** DATA BLOCK follows **
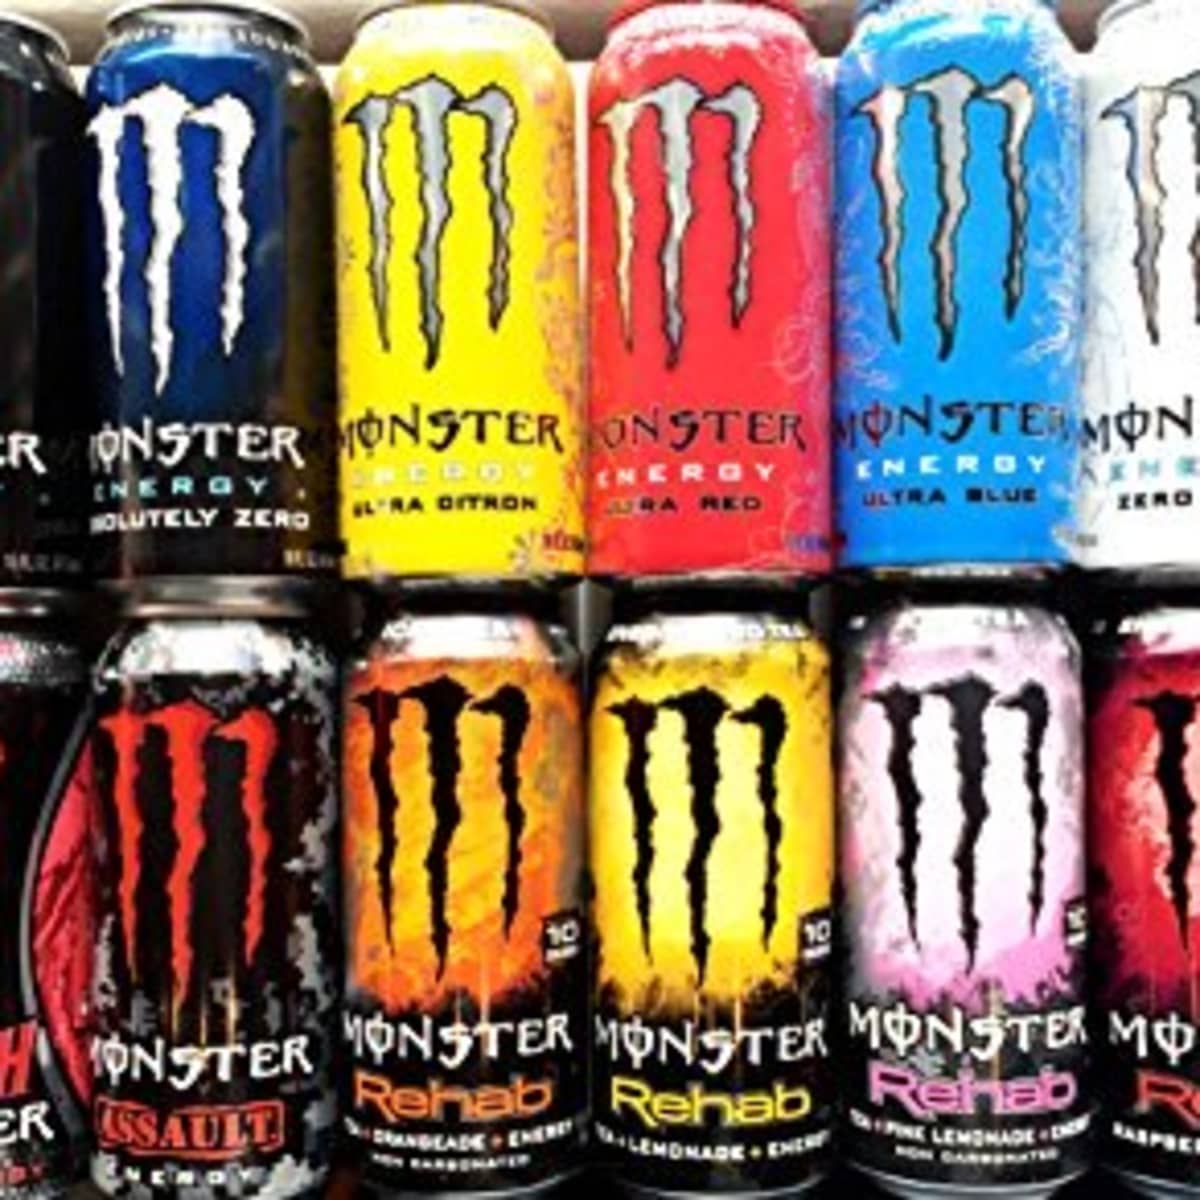 Monster Energy adds caffeine content to labels
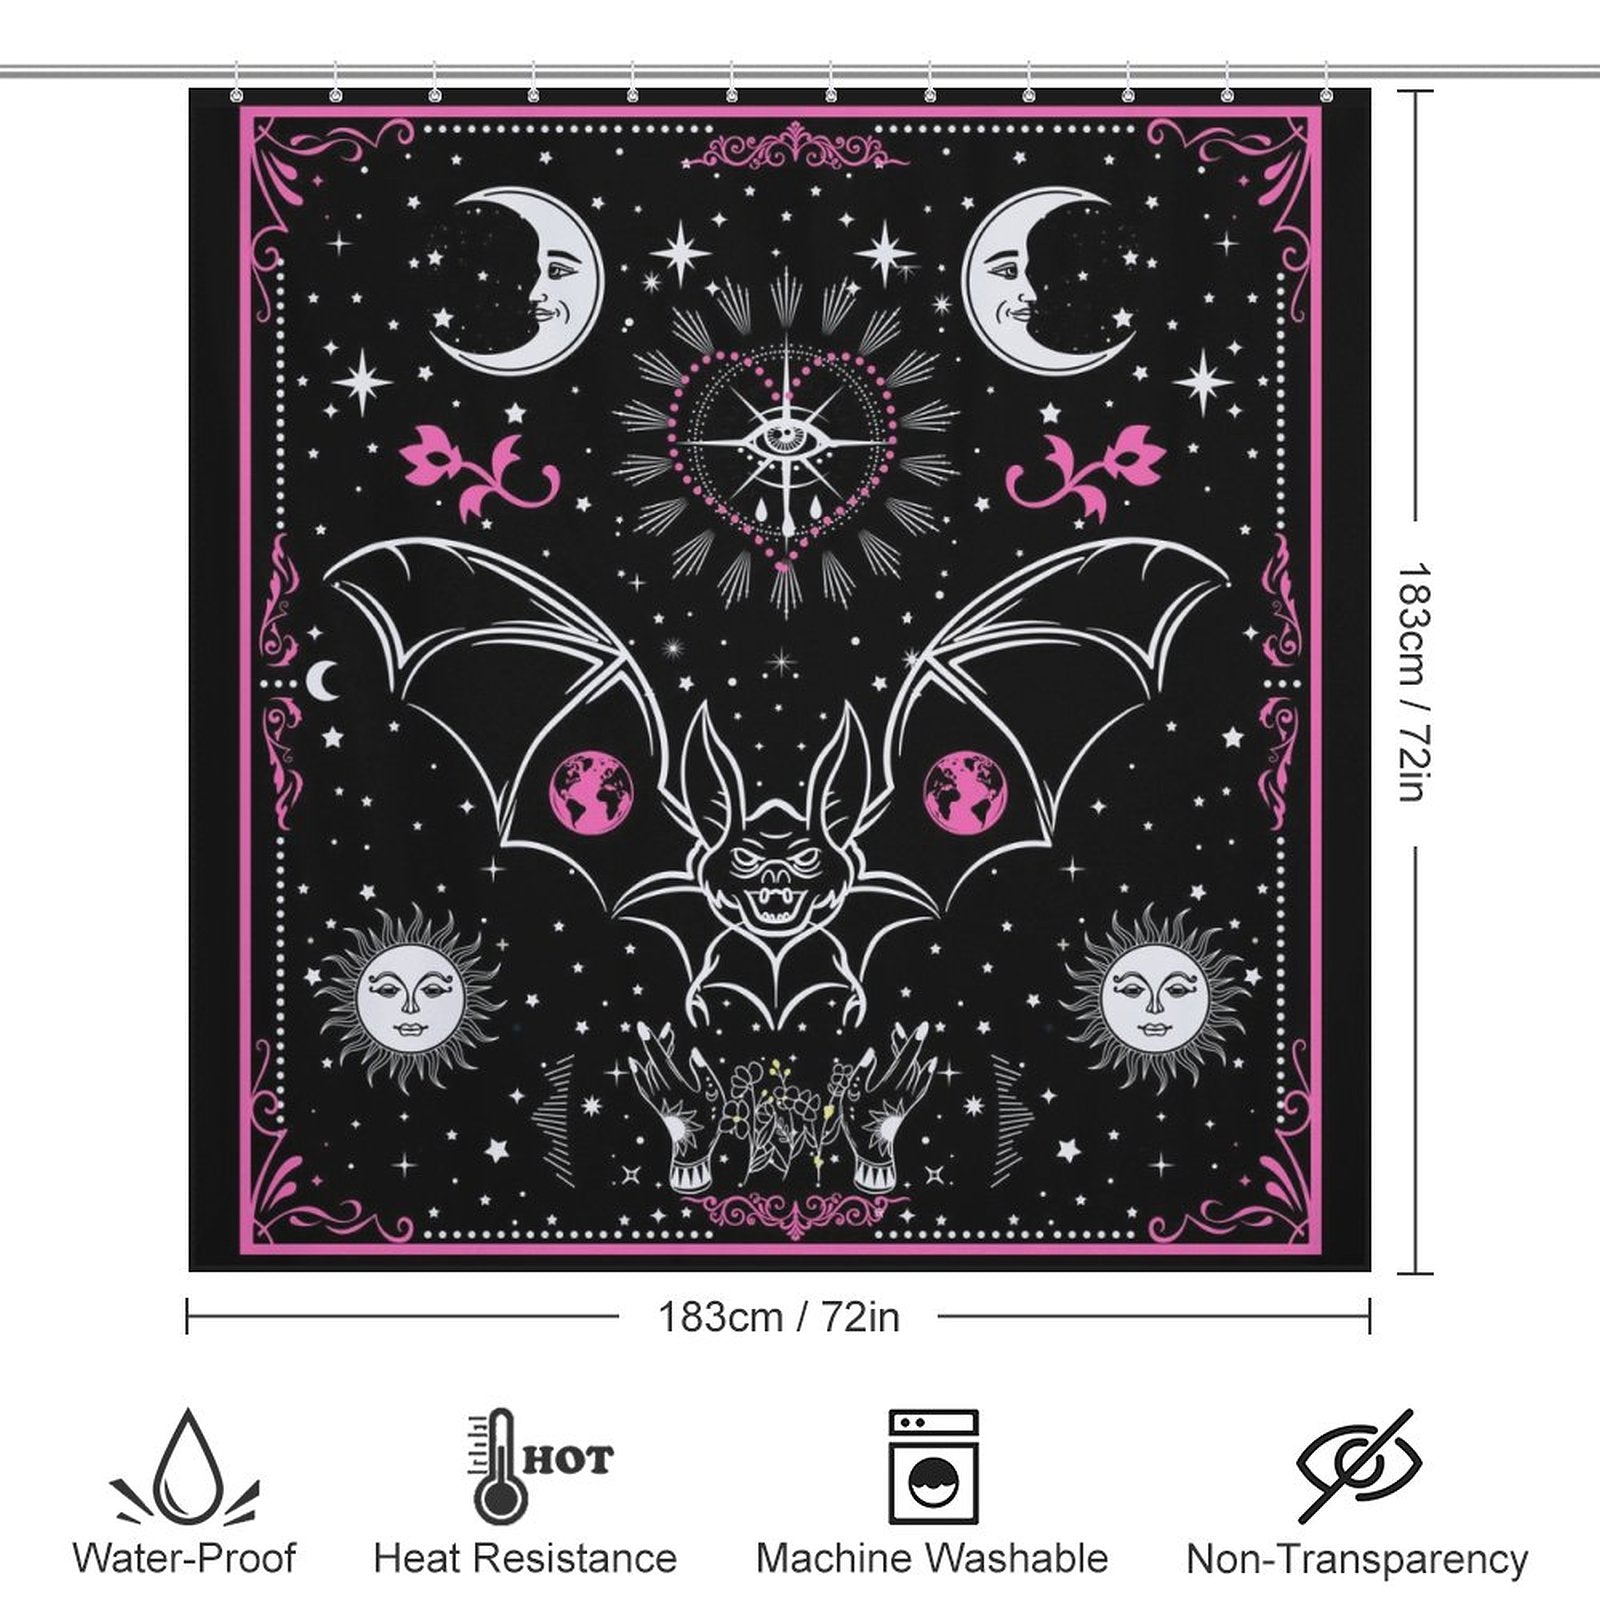 A waterproof Tarot Bat Shower Curtain-Cottoncat with bats and moons on it.
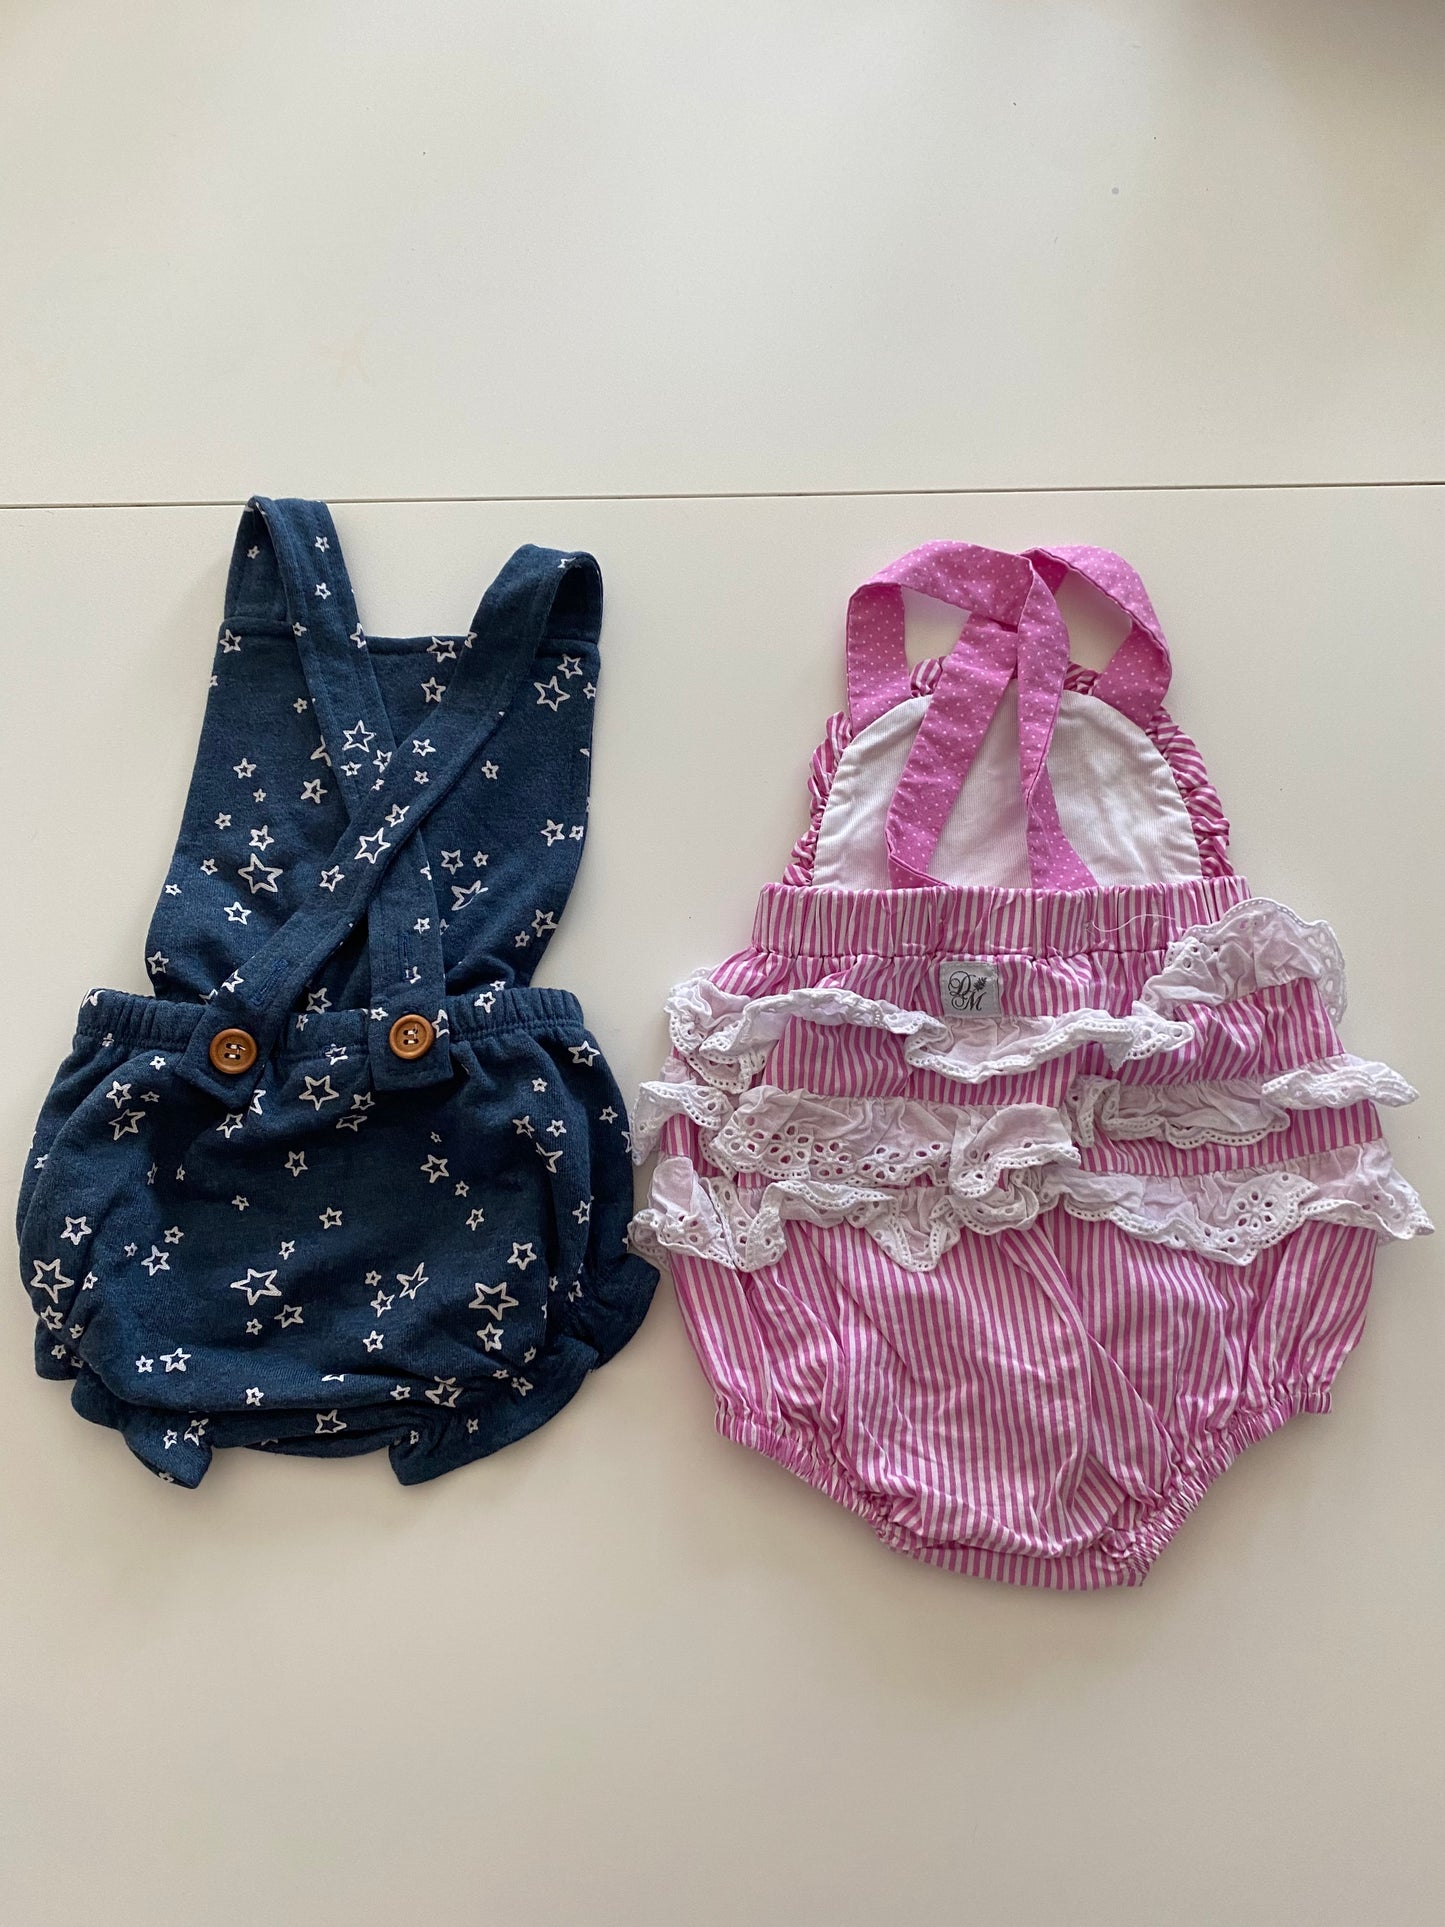 Darling Mae Pink Stripe Bubble Romper and Lulu & Roo navy and star romper Girls 18-24M
** End of DATA BLOCK **
(WHAT TO PRODUCE) Quote the data above in full, leaving out the pictures it holds.

(EXERCISE OUTPUT)
 Monster Energy adds caffeine content to labels
 A waterproof Tarot Bat Shower Curtain-Cottoncat with bats and moons on it.
 Darling Mae Pink Stripe Bubble Romper and Lulu & Roo navy and star romper Girls 18-24M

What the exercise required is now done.